Re: [PATCH 00/24] pack-objects: multi-pack verbatim reuse

Jeff King <peff@xxxxxxxx> · Tue, 12 Dec 2023 03:12:38 -0500

On Tue, Nov 28, 2023 at 02:07:54PM -0500, Taylor Blau wrote:

> Performing verbatim pack reuse naturally trades off between CPU time and
> the resulting pack size. In the above example, the single-pack reuse
> case produces a clone size of ~194 MB on my machine, while the
> multi-pack reuse case produces a clone size closer to ~266 MB, which is
> a ~37% increase in clone size.

Right, it's definitely a tradeoff. So taking a really big step back,
there are a few optimizations all tied up in the verbatim reuse code:

  1. in some cases we get to dump whole swaths of the on-disk packfile
     to the output, covering many objects with a few memcpy() calls.
     (This is still O(n), of course, but it's fewer instructions per
     object).

  2. any other reused objects have only a small-ish amount of work to
     fix up ofs deltas, handle gaps, and so on.
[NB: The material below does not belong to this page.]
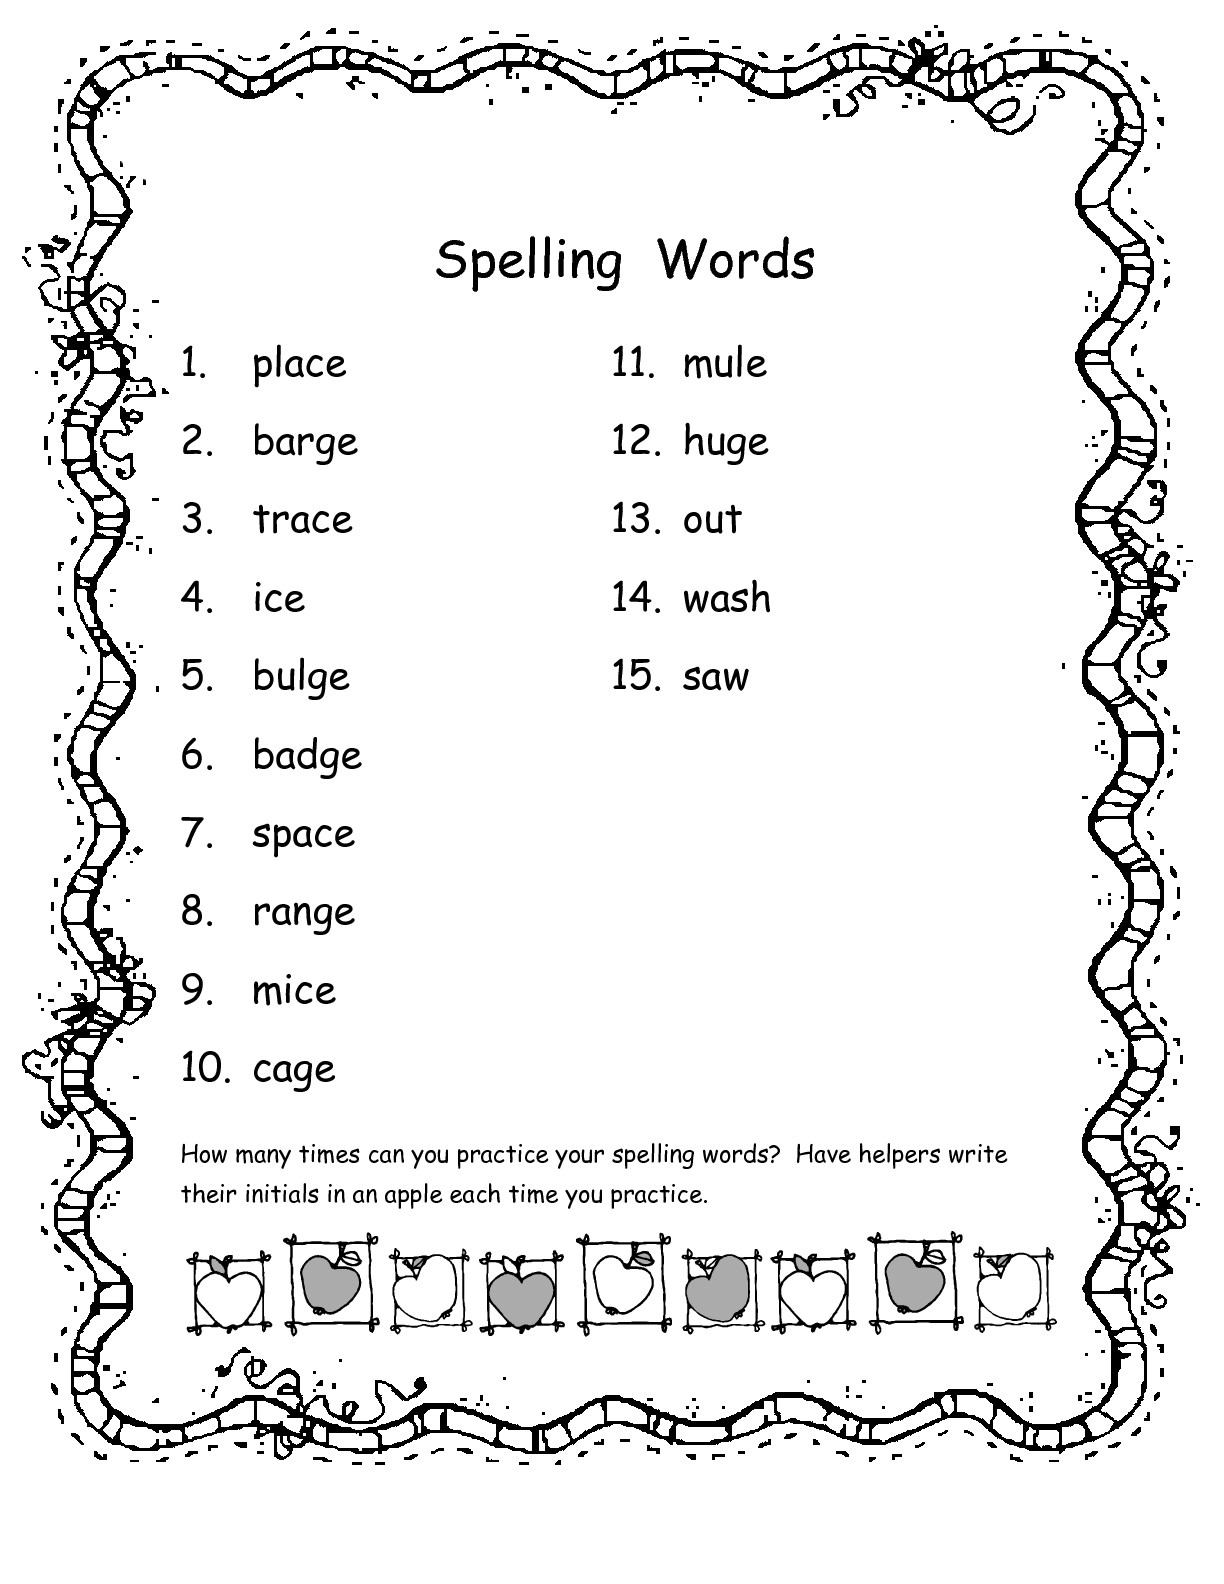 2nd-grade-spelling-words-200-spelling-words-list-for-second-graders

We get to skip adding
     them to the packing_list struct (this saves some CPU, but also a
     lot of memory)

  3. we skip the delta search for these reused objects. This is where
     your big CPU / output size tradeoff comes into play, I'd think.

So my question is: how much of what you're seeing is from (1) and (2),
and how much is from (3)? Because there are other ways to trigger (3),
such as lowering the window size. For example, if you try your same
packing example with --window=0, how do the CPU and output size compare
to the results of your series? (I'd also check peak memory usage).

-Peff